Из её груди вырвался вздох, рукой потёрла лоб, глаза устремились в ту точку, где, как чёрное пятно, лежало тело, в луже крови, смотрела теперь на него и взгляда от него оторвать не могла. Она стояла бессмысленной статуей… окаменелой. Но ни одна капелька слезы не вытекла из её глаз.
Когда татары, уходя, устремились в балки, из оврага напротив показалась белая хоругвь и глухо отозвались два котла. За ними ехало несколько десятков коней и следовала вооружённая пехота. Впереди в своей красной опонче, в мисиурке на голове, рука в бок, ехал полковник Дуленба. Он и его конница пустились сначала за убегающими татарами в погоню к горам, но достать их не могли.
Янаш, увидев хоругвь и услышав котлы, крикнул, обращаясь к пани мечниковой:
– Наши взяли верх! Наши горою!
Во всем замке этот крик отбился эхом. Люд, минуту назад наполовину мёртвый от страха, вскакивал на ноги, иные молились на коленях. Корчак приказал очистить заваленные камнем ворота. Агафья стояла ещё в окне.

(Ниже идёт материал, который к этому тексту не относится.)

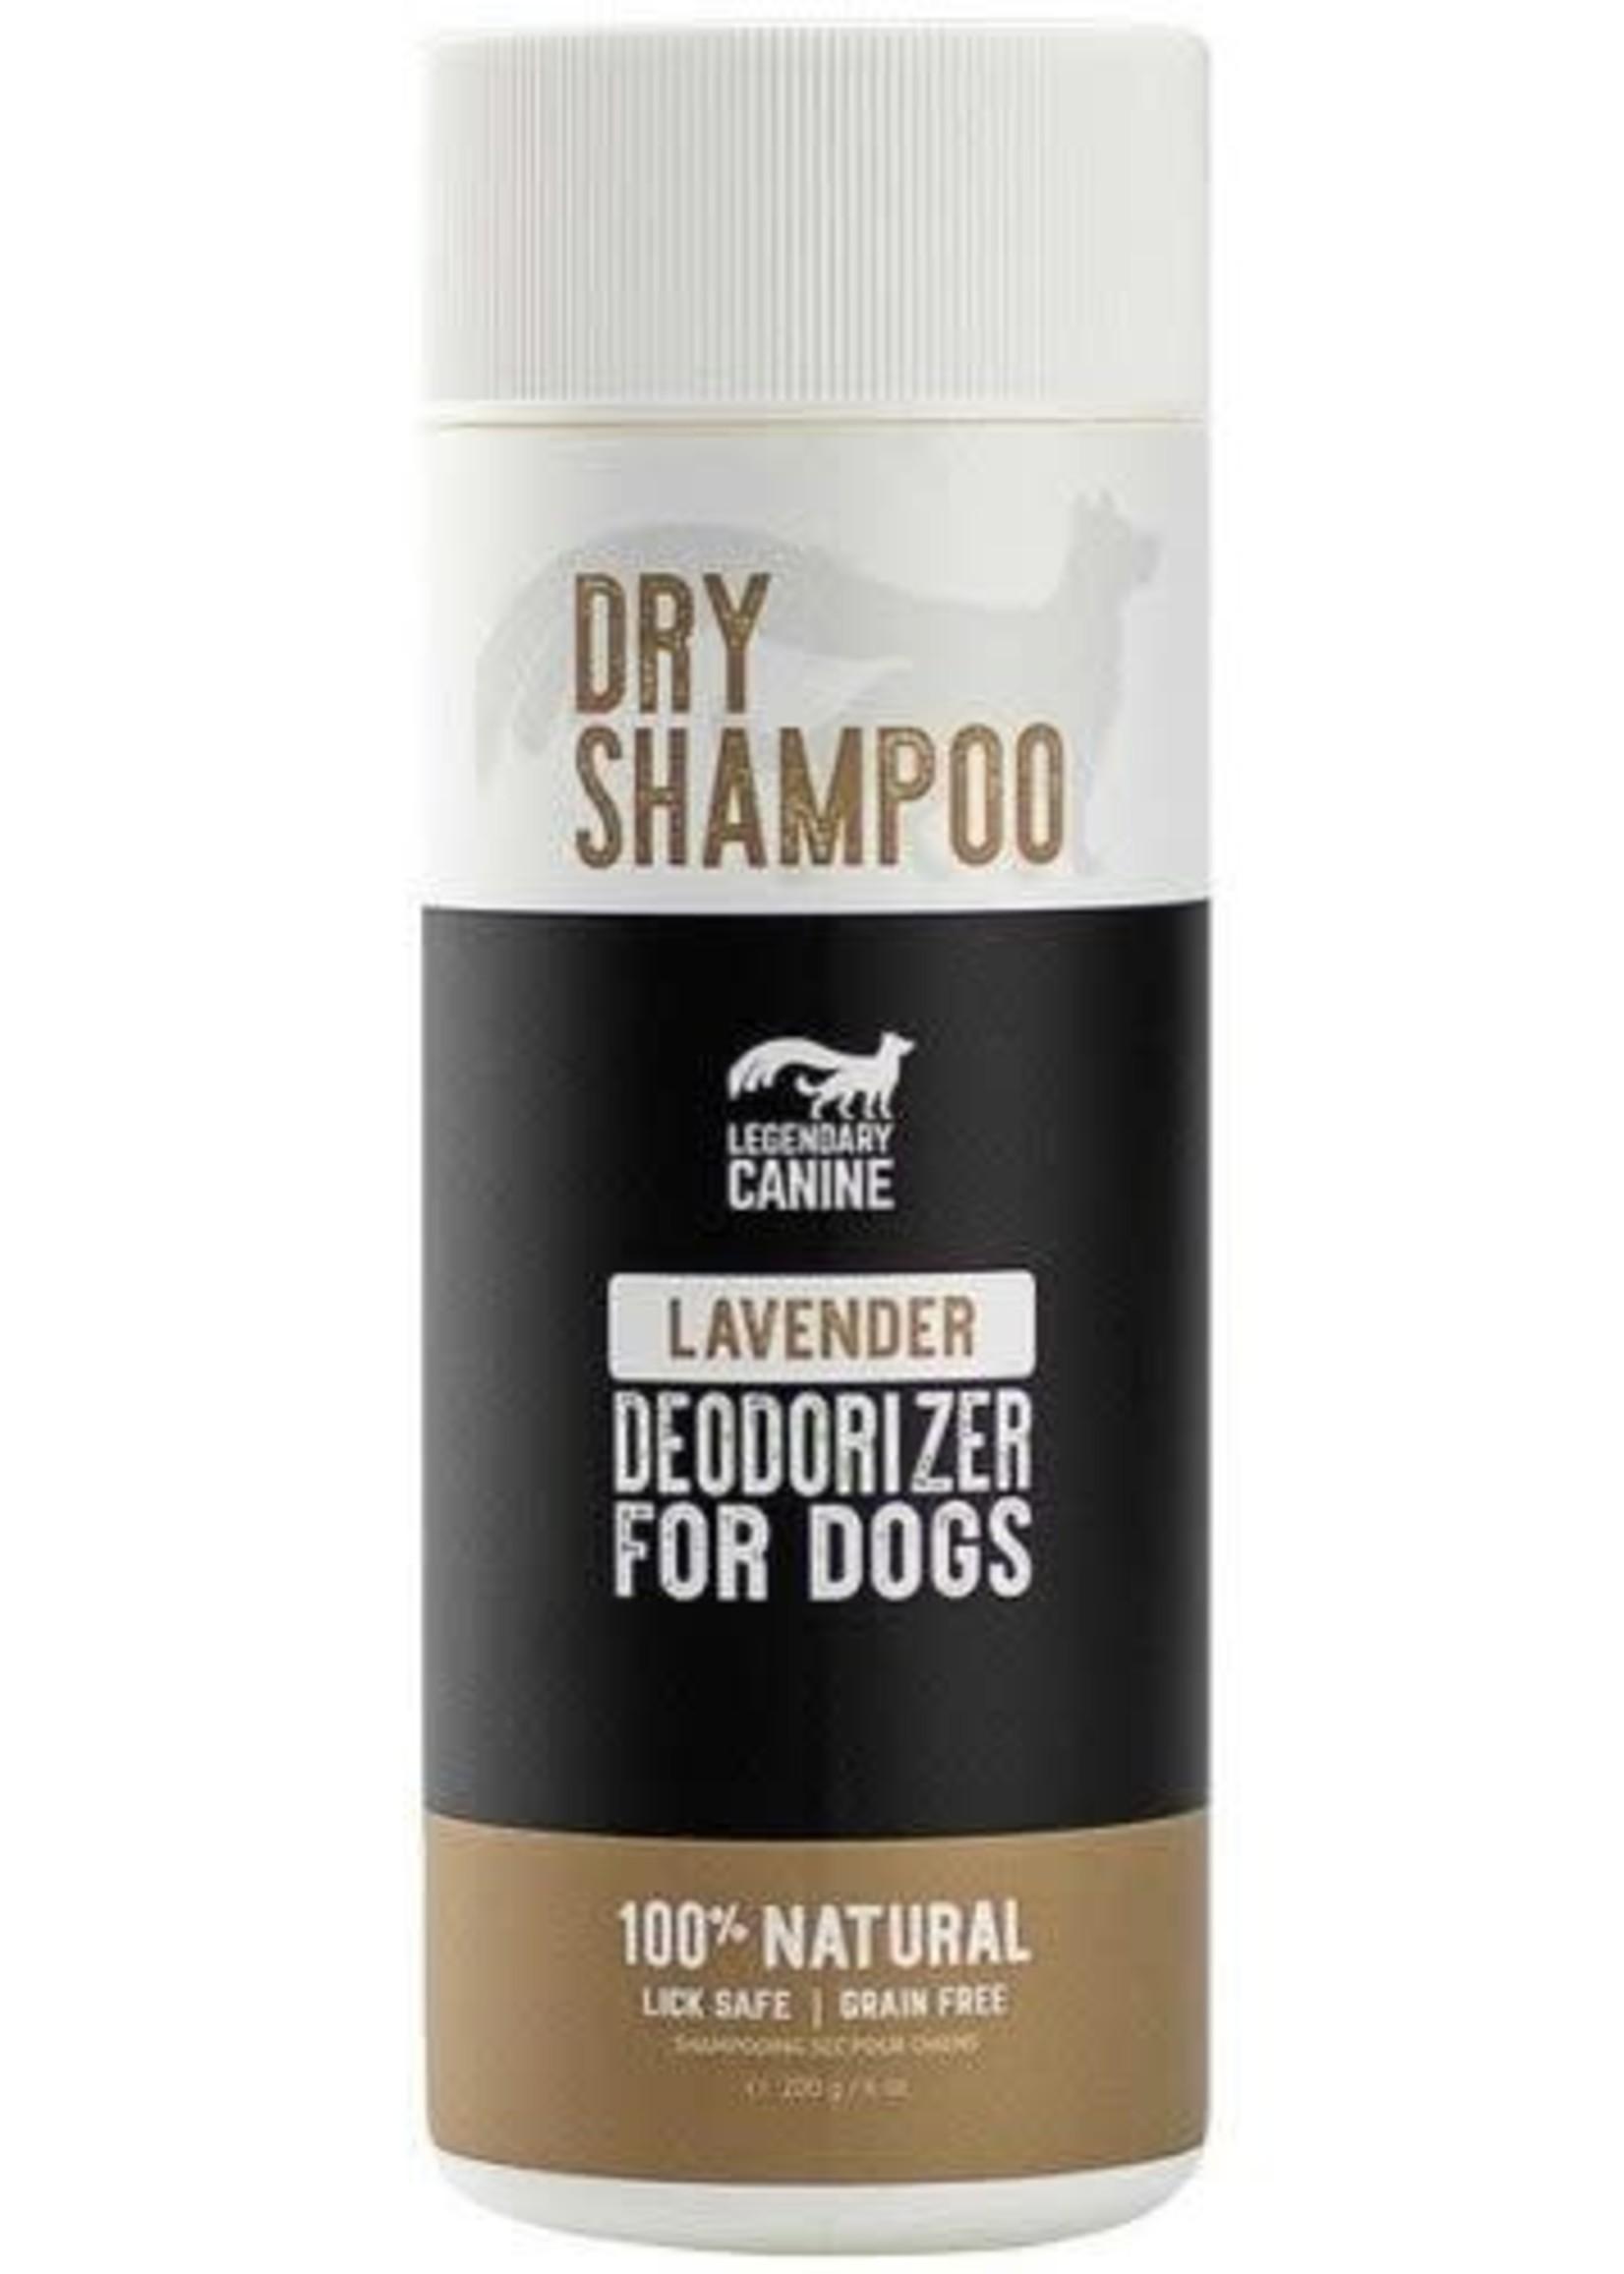 Legendary Canine Legendary Canine Dry Shampoo 250mL

К тому место, на котором лежало в крови тело, приблизился отряд Дуленбы. Хоругвь остановилась. Кругом окружили труп. Люди с коней смотрели на него… потом подошли пешие и кругом его окружили. Агафья вздрогнула, задвигалась и быстрым шагом вышла из комнаты. Не глядя перед собой, она пустилась по лестнице, пробиваясь через толпу, прошла двор. В воротах она взобралась на камни и спустилась с них к дверке. Потом её было видно выходящую из замка, пробирающуюся по оврагам и постоянно с глазами, уставленными в одну точку, идущую прямо к трупу… Казалось, какая-то сверхъествественная сила её притягивает и ведёт. Войска, идущие в замок, уступили ей дорогу – она не взглянула на них, не видела, наверно, что их обошла…

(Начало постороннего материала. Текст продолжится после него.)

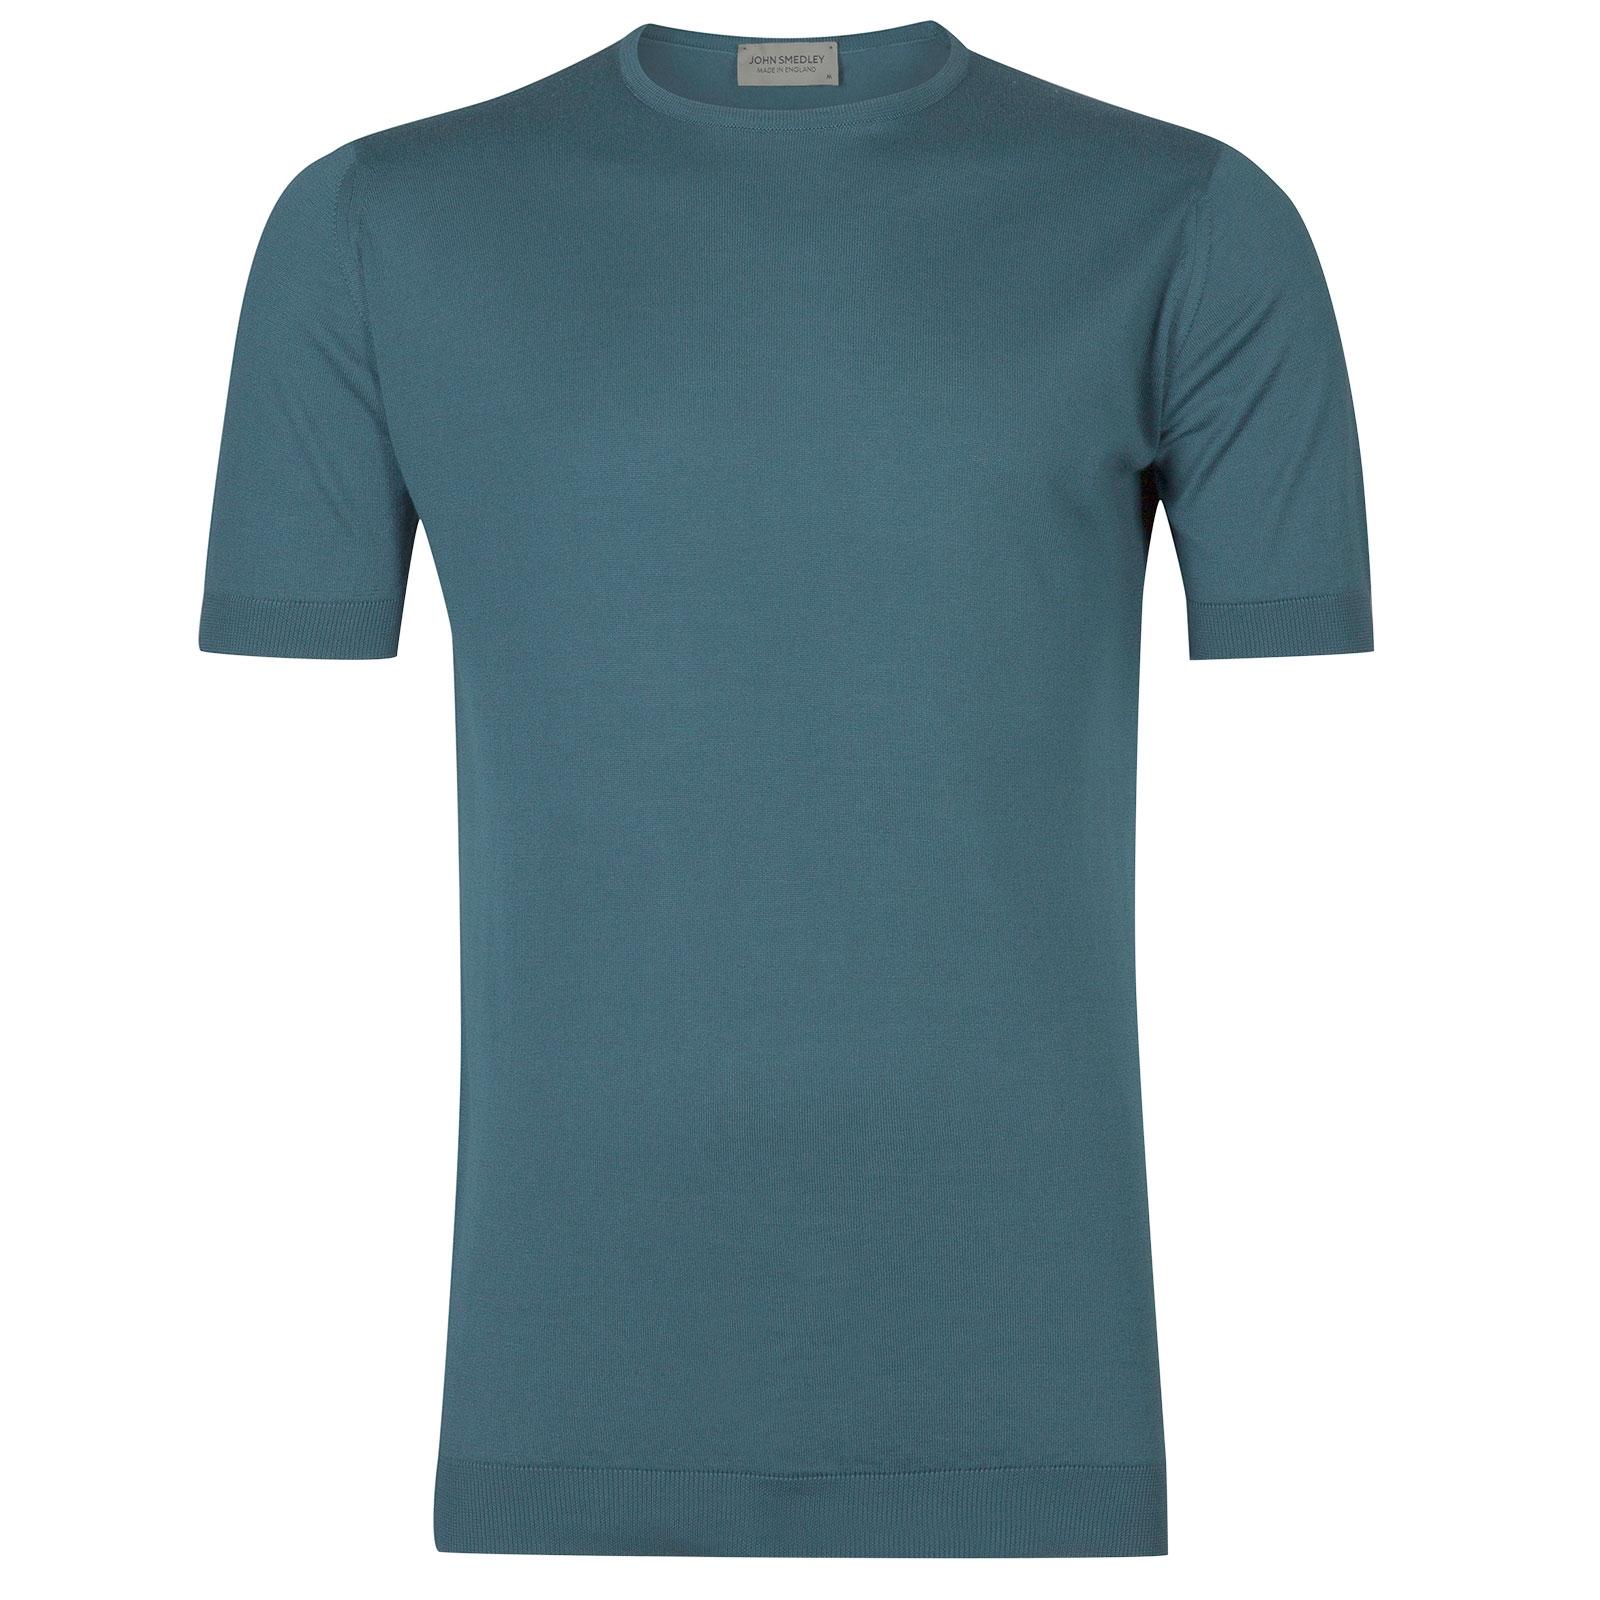 John Smedley Belden in Dewdrop Blue T-Shirt-SML

На расстоянии нескольких стай от трупа она остановилась, заломила опущенные руки и снова пошла, толкаясь, вперёд. На месте, утоптанном копытами татарских коней, лежало тело Доршака без головы. Кровь, частью впитавшаяся в землю, частью загустевшая, стала почти чёрной лужей. Руки у него были ещё связаны верёвкой… Агафья села напротив него, подпёрлась двумя руками, смотрела снова, словно хотела насытиться этим видом.
Впечатление этой первой минуты после освобождения от опасности, которая казалась неминуемой, от угрозы смерти, которую все имели перед глазами, сравнить, пожалуй, можно с пробуждением человека от сна и душащего кошмара, когда вдруг, открыв глаза, видит свет, видит синеву небес, слышит птиц, поющих утренние песни, когда могильный мрак, что угнетал его веки, развевается словно чудом.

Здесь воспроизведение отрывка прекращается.